You are asked to repeat the listing word for word and to leave out its pictures.

(DATASET CONTENT Opens)

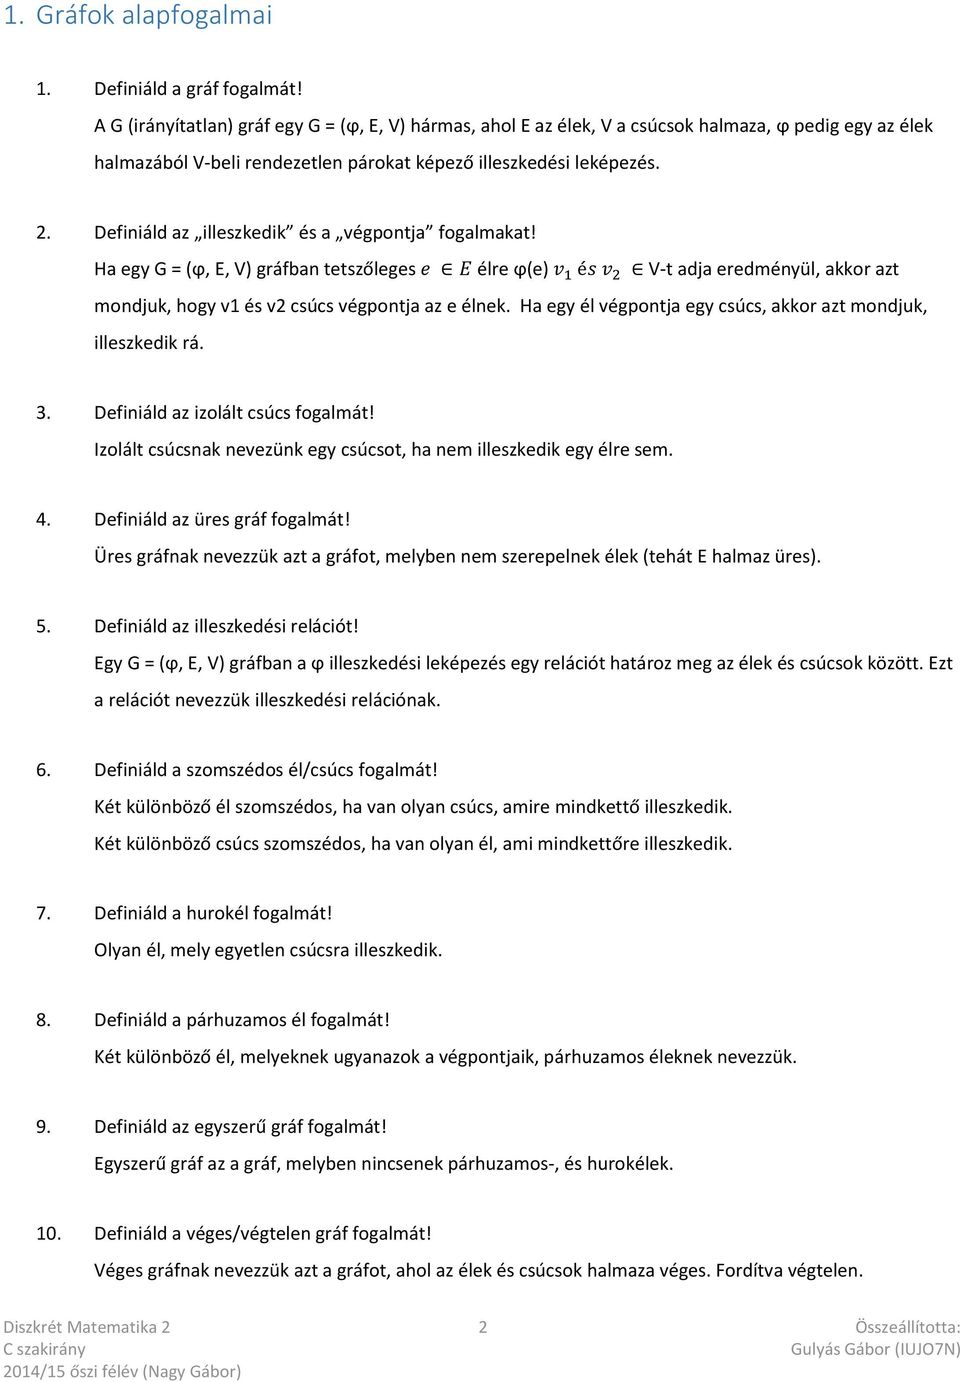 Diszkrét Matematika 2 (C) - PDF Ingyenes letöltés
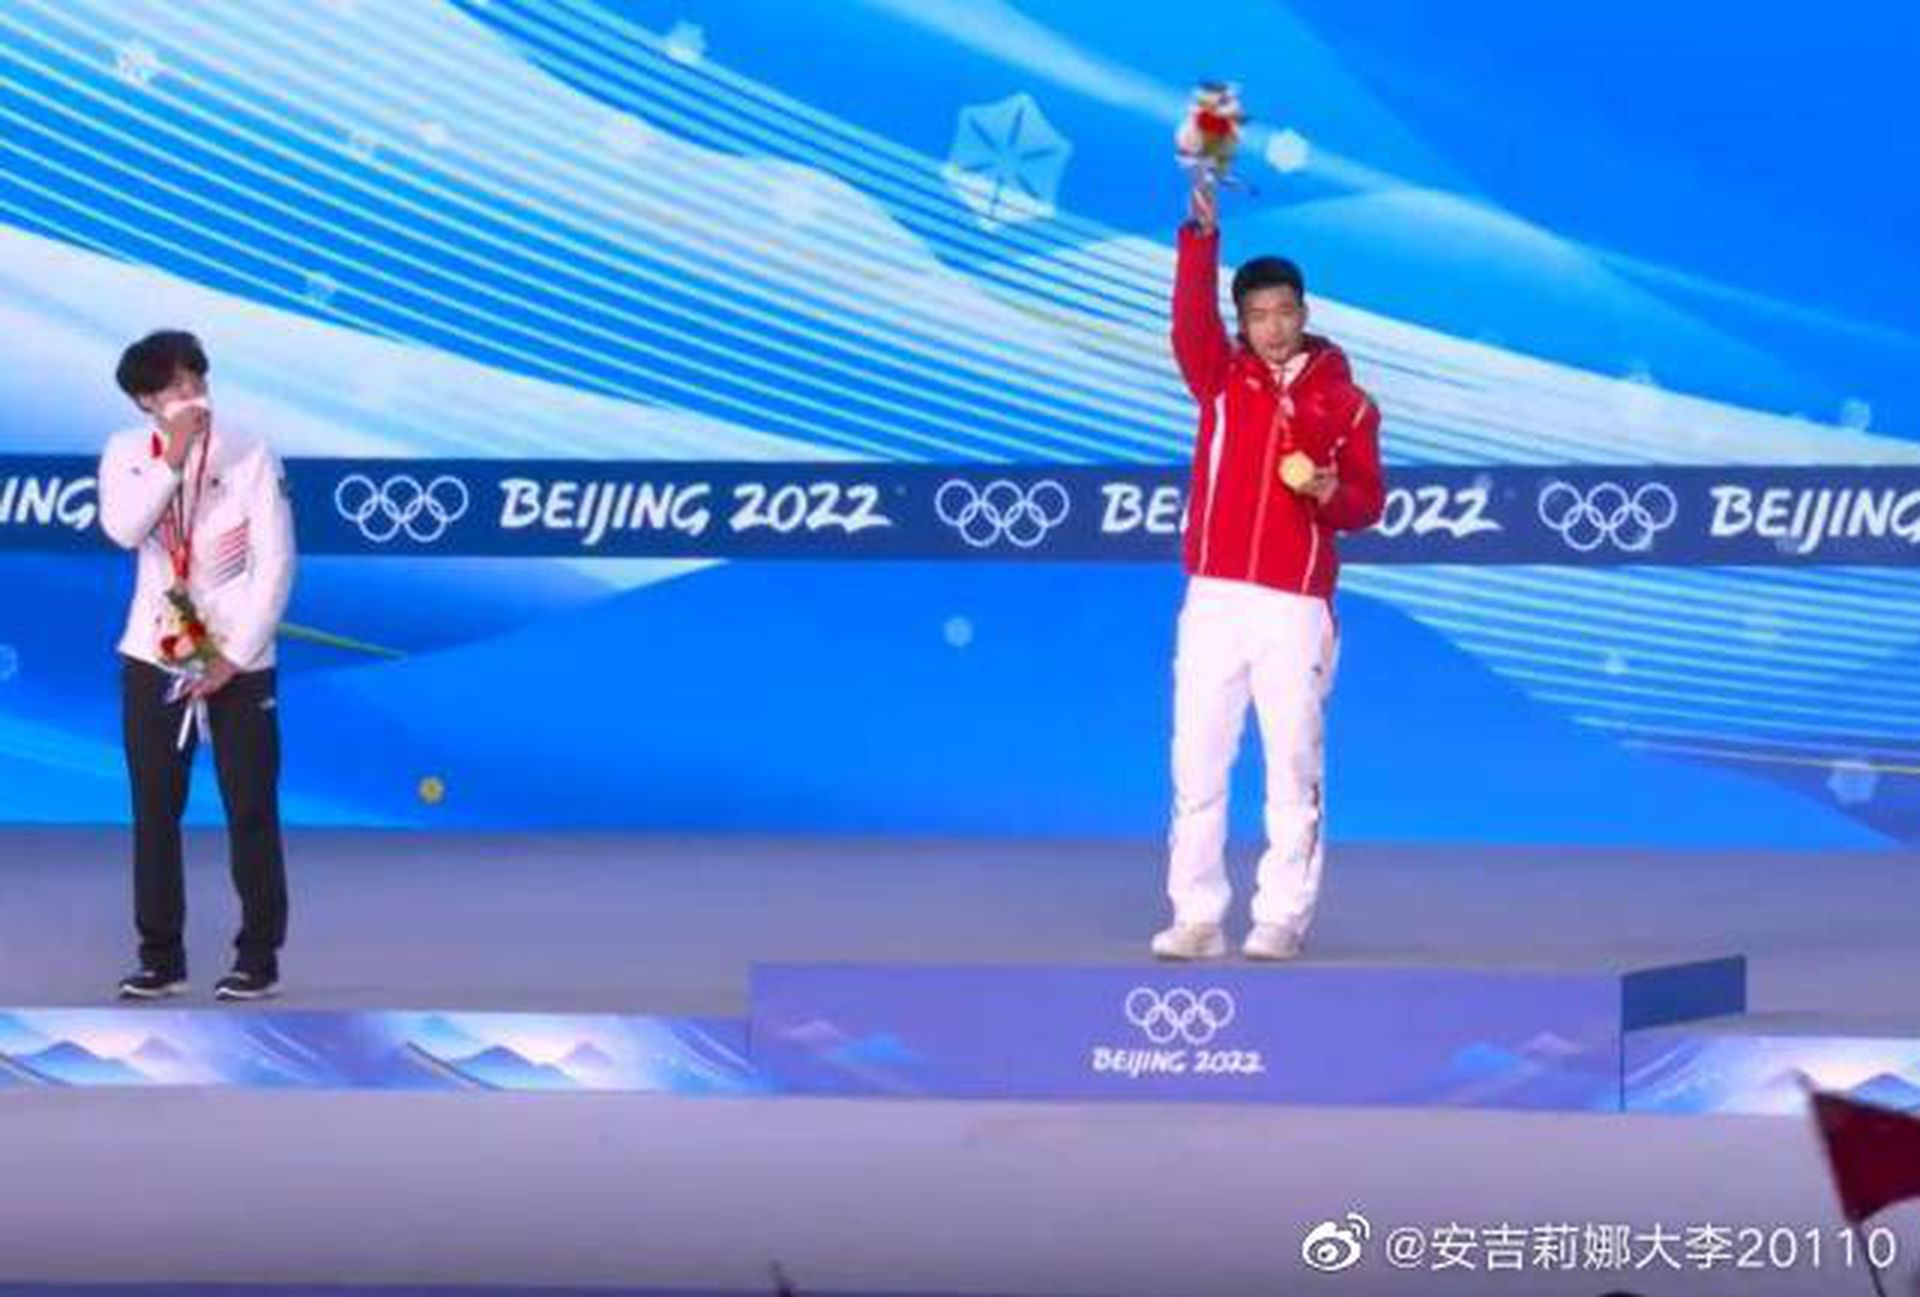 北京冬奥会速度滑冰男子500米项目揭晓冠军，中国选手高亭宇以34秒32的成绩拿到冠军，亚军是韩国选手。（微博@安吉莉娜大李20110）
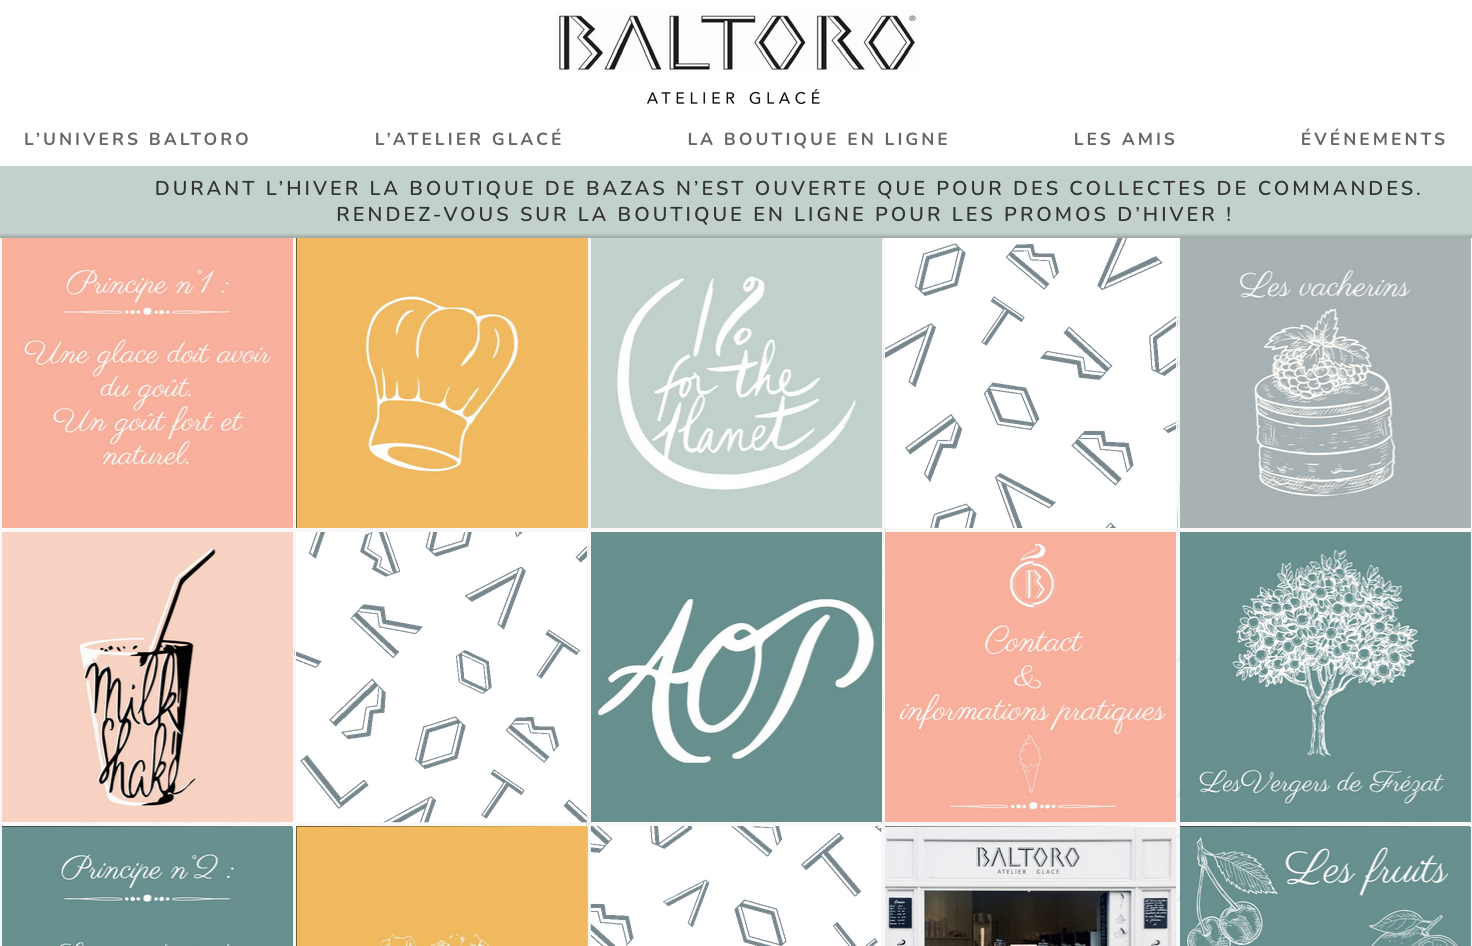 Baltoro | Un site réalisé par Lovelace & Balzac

(DATASET CONTENT Closes)

--- REPLY TO THE TASK ---
 Diszkrét Matematika 2 (C) - PDF Ingyenes letöltés
 北京冬奥会速度滑冰男子500米项目揭晓冠军，中国选手高亭宇以34秒32的成绩拿到冠军，亚军是韩国选手。（微博@安吉莉娜大李20110）
 Baltoro | Un site réalisé par Lovelace & Balzac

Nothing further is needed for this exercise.